That time with the weird names…
So, I was thinking about names the other day. How we label stuff. Reminded me of this one time, way back, on a project. Man, what a mess that was.

We inherited this piece of code, right? Nobody who wrote it was around anymore. Classic situation. And digging through it was… something else. The variable names, jeez. It was like someone just typed whatever popped into their head.
I remember finding these variables, I think they were for tracking user profiles or something like that. And they were named stuff like… well, let’s just say they weren’t exactly professional. I specifically recall seeing things like ‘stud_profile’ and ‘girl_data’ scattered around. Seriously. Not kidding.
My first thought was, “What the heck were they thinking?” It wasn’t just unprofessional, it was confusing. What did ‘stud_profile’ even mean in this context? Was it a user type? A status? And ‘girl_data’? Same problem. It told you nothing useful about the data itself.
So, the task fell to us, the new guys, to clean it up. It wasn’t fun.
- First, we had to figure out what these variables actually did. That meant hours of tracing code, looking at how the data was used.
- Then, we had to come up with sensible names. Something clear, something that actually described the data. Like ‘user_profile_active’ or ‘customer_demographics_gender’. You know, normal stuff.
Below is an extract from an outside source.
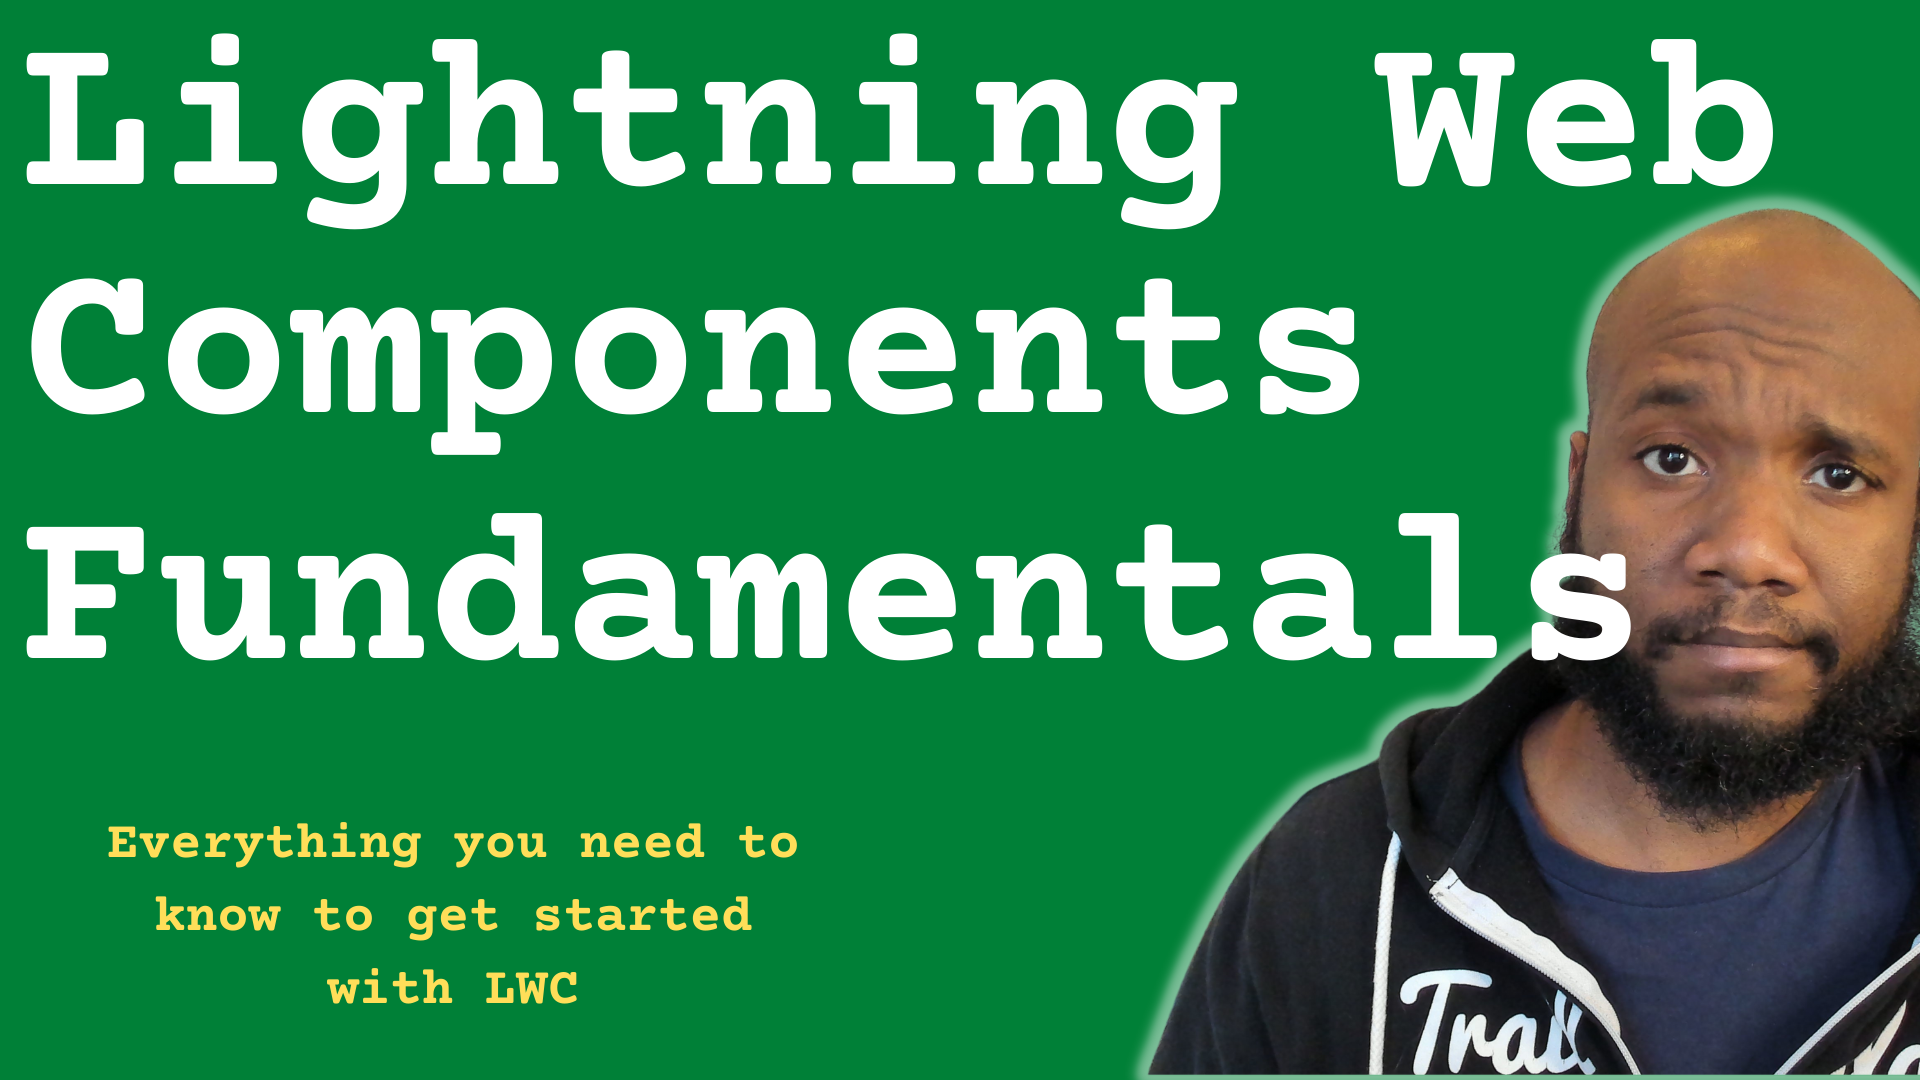 LWC Fundamentals

- Finally, the big refactor. Going through hundreds, maybe thousands of lines of code, carefully replacing the old, weird names with the new ones. One typo, and boom, something breaks. Stressful stuff.
It took ages. Longer than it should have. All because someone, years ago, thought it was okay to use silly, inappropriate names. It wasn’t clever, it wasn’t funny. It just created a headache for everyone who came after.

Lesson learned, though. Name things properly from the start. Be clear. Be professional. Don’t try to be edgy or funny with variable names. Future you, or future someone else, will thank you for not making them decipher nonsense like ‘stud_profile’. Just stick to the basics, makes life easier for everyone involved.